Abrams Books/Big Life Editions, 2010. 192 pp., 90 illustrations
Nick Brandt is a Los Angeles based videogapher who has followed his passion for photographing the wild animals of East Africa for the past 14 years.
With his medium-format film camera in hand, Brandt spends weeks following and becoming accepted by his subjects, before waiting for favourable combinations of lighting and behaviour.
The resulting photographs are nothing short of spectacular.
Featuring 300-line quadtone reproductions, printed under Brandt’s supervision, the tonal quality of his book On This Earth, A Shadow Falls is exceptional, the offset reproductions closely matching the rich, velvety tonality and detail of the original prints.
Brandt describes his photographs as portraits, which depict cheetahs, rhinos, giraffes and elephants, stampeding, grazing, and wading through the equally untamed grandeur of the Serengeti.
Of Brandt’s post-processing skills, Don Burmeister from The New York Photo Review says:
The controlled burning and dodging, increased contrast, blurring and vignetting of the images serves to accentuate the subjects far beyond what even the best darkroom technician could ever achieve. As a side note, the treatment of grain in these images is particularly lush, the use of sepia and black (rather than black and white) gives an almost fresco-like texture to the prints which allows the white highlights to pop.
On This Earth, A Shadow Falls includes introductions by Jane Goodall, Alice Sebold, Vicki Goldberg, Peter Singer and Nick Brandt. Each copy is signed by the artist.
Here are some more images for your viewing pleasure… these are obviously best appreciated large, so be sure to click for bigger versions!

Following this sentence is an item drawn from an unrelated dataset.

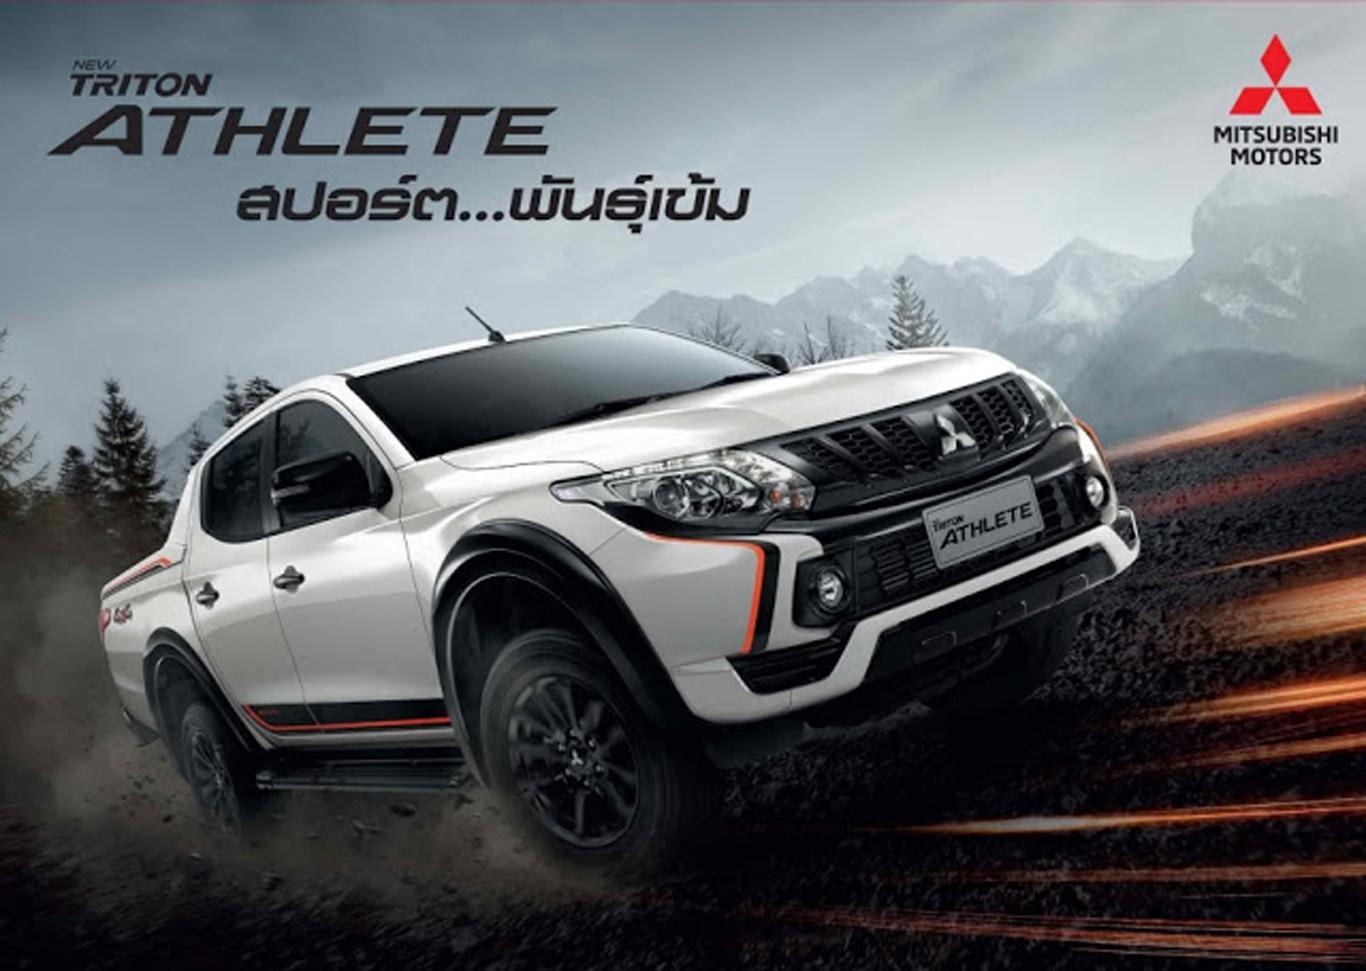 autopress-mitsubishi-triton-athlete-5

In one of the essays accompanying this volume, novelist Alice Sebold aptly describes Brandt’s intimate portraits, like this image above featuring a lion in Kenya’s Masai Mara National Reserve, as having “the haunting resonance of the photographs of Civil War generals long dead.”
I visited Africa in 2010 and really enjoyed my first experience of getting up close and personal with the wildlife in Botswana and photographing them in their natural habitat – of course, the resulting images were nothing like these, but I had lots of fun in the process!
I’m looking forward to receiving my copy of Nick Brandt’s book which is winging its way to me as I type – do these images resonate with you too?